Following OSHA’s publication of the 2017 beryllium rule, industry stakeholders raised concerns with several definitions within the rule, citing them as broad in nature. Concerns were also raised regarding the possibility of varying interpretations of these definitions, which may have led to unintended enforcement issues. In response to these criticisms, OSHA signed a settlement agreement in federal court on April 24, 2018, requiring the agency to issue clarifications to the rule. On Dec. 11, 2018, OSHA released a new proposed rule on beryllium to amend certain parts of the beryllium standard for general industry “to clarify or simplify certain provisions of the general standard.” While the rulemaking is pending, compliance with the proposed rule will be accepted as compliance with the standard.
The proposed final rule modifies several of the general industry standard’s definitions, along with the provisions for methods of compliance, personal protective clothing and equipment, hygiene areas and practices, housekeeping, medical surveillance, communications of hazards, and record keeping. Per OSHA, “the proposed changes would maintain safety and health protections for workers and enhance worker protections overall by ensuring that the rule is well-understood, and compliance is more straightforward.”

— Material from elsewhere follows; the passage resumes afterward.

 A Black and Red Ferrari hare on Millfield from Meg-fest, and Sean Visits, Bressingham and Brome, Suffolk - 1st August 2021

OSHA Rescinds Change in Job Injury Reporting Requirements
On Jan. 25, OSHA rescinded an Obama-era requirement for establishments with 250 or more employees to electronically submit every year information from OSHA Form 300, an annual report of injury and illness cases, and Form 301, which requires a detailed report on each case. Employers are still required to electronically submit Form 300A, which summarizes the information from the other two forms, including the percentage of workers injured and the number of cases. While the rule, which took effect on Feb. 25, doesn’t require Forms 300 and 301 to be electronically submitted, these two forms, along with Form 300A must still be completed and available if requested by the agency.

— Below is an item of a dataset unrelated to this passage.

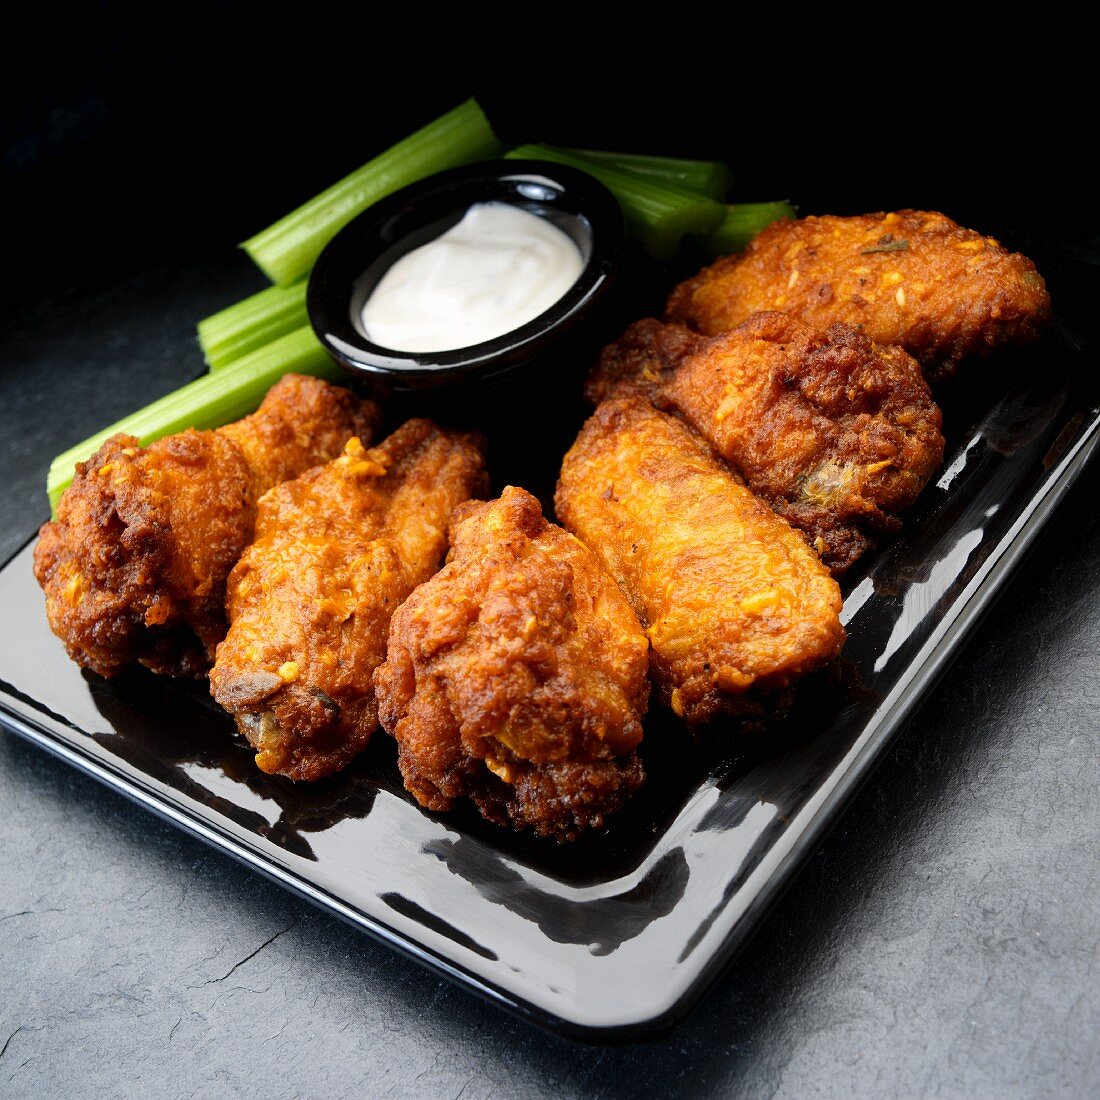 Buffalo chicken wings with garlic, celery and ranch dressing

The OSHA rule change has been met with mixed review. Those who support the change, including the U.S. Chamber of Commerce, argue that injury and illness cases are sensitive information, which should not be made public. Rep. Bobby Scott (D-VA), chairman of the House Education and Labor Committee, is opposed to the rule change because he believes it “shields employers from accountability for the health and safety of their employees.” Legal experts expect to be challenged in federal court. We will continue to track developments on the rescinded rule as it is phased in next month or in the event it meets a legal challenge.